The East Windsor Academy, now known as the Scantic Academy-East Windsor Historical Society Museum, is a historic school building at 115 Scantic Road in East Windsor, Connecticut. Built in 1817 as a private academy, it has seen use as a parish hall, apartments, and a public school before its conversion to a museum. It was listed on the National Register of Historic Places in 1998.
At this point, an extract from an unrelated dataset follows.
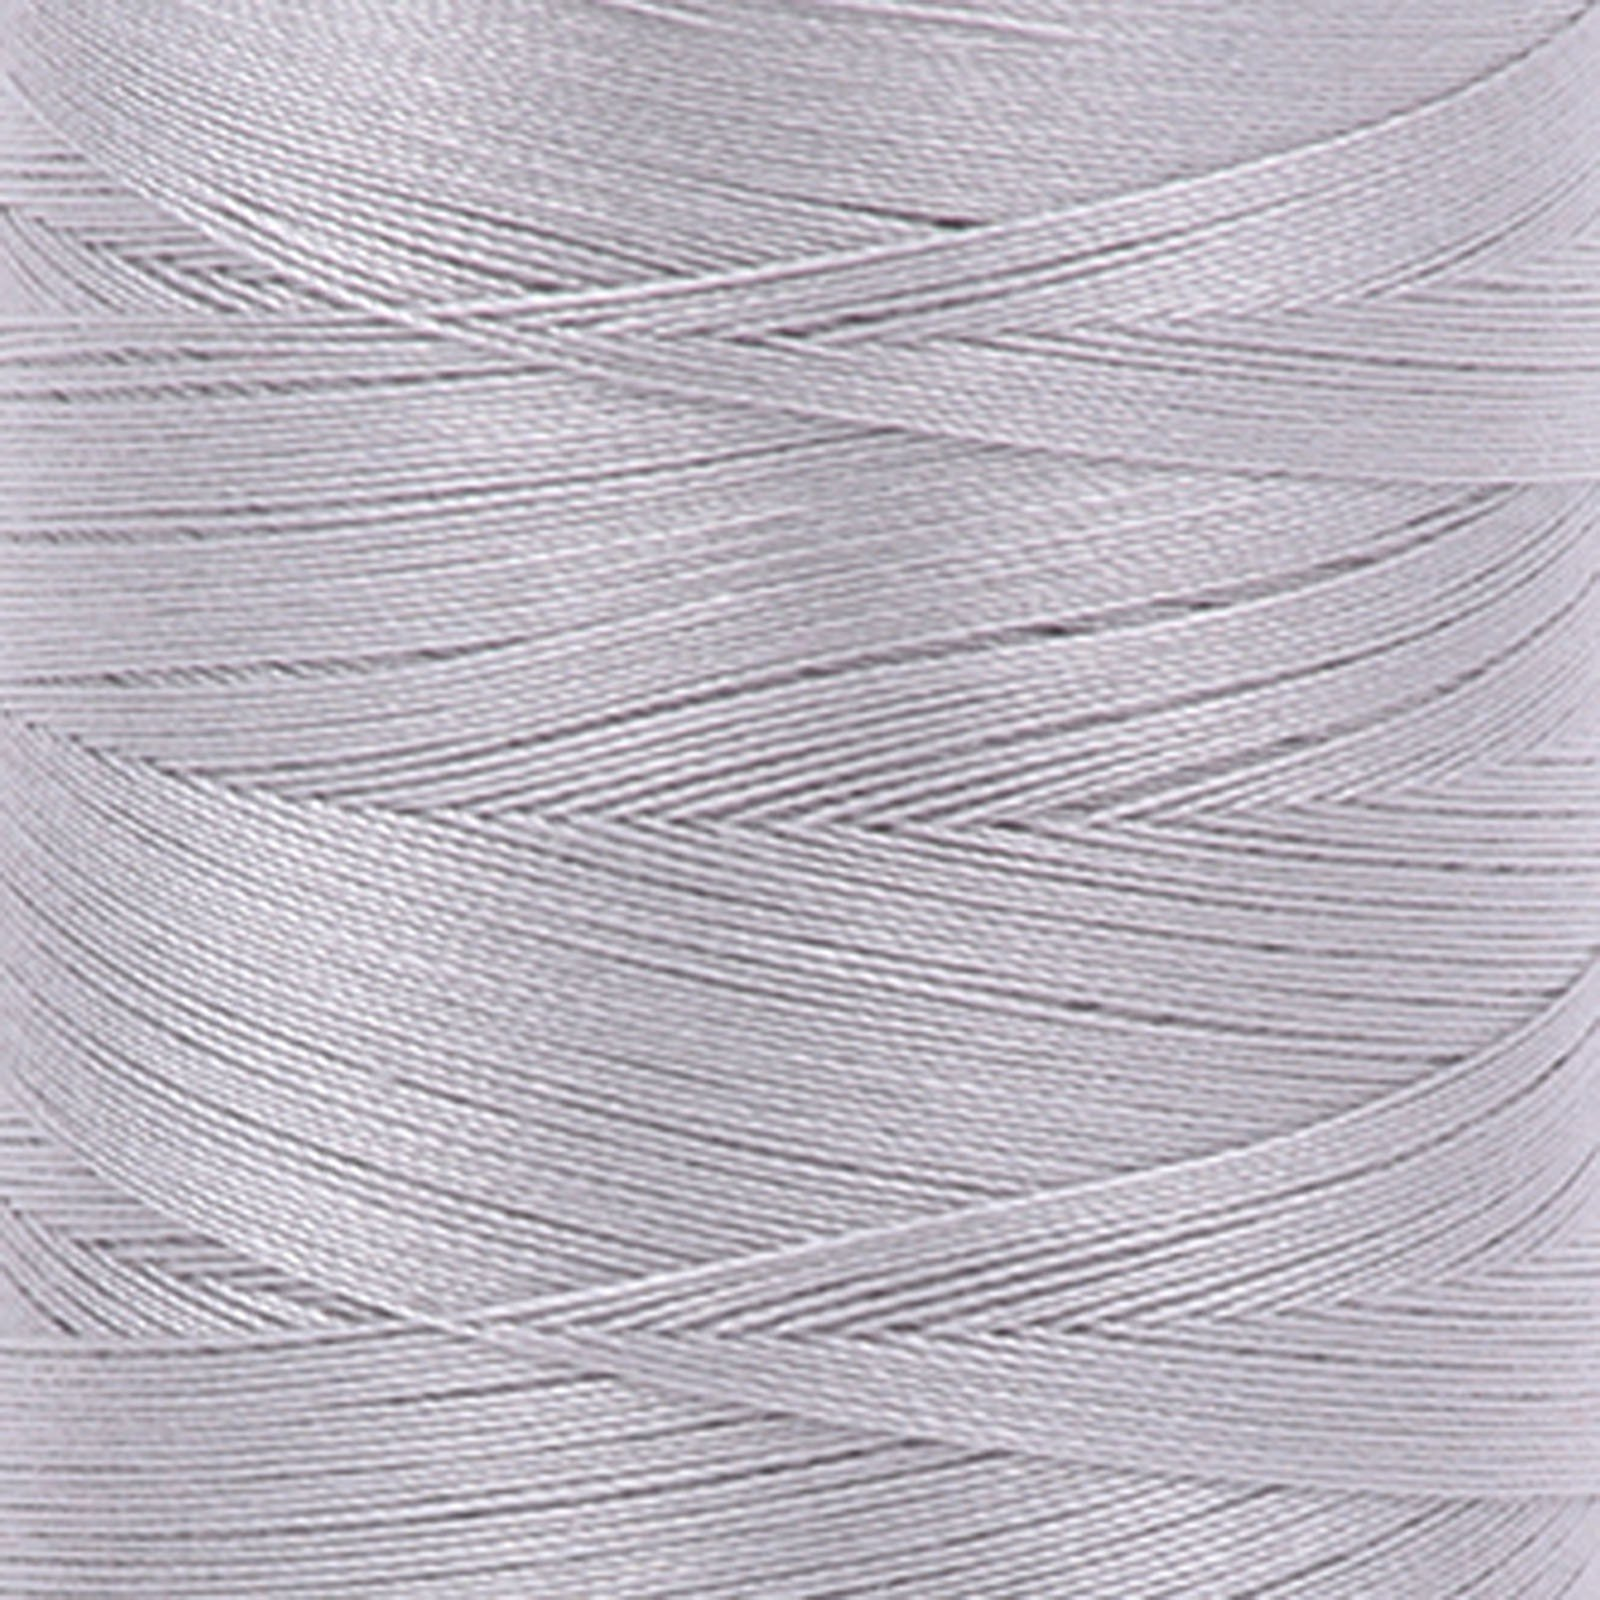 Aurifil Cotton 2615 50wt 220 yds

==Description and history==
The East Windsor Academy building is located in East Windsor's Scantic village, on the east side of Scantic Road (Connecticut Route 191). It is a two-story brick building with a gable roof and a brownstone foundation. Its front facade is six bays wide, with entrances in the outer bays, and sash windows elsewhere. The side elevations feature fully pedimented gables with fanlights at the center. Windows are set in rectangular openings, with brownstone sills and splayed soldier brick headers.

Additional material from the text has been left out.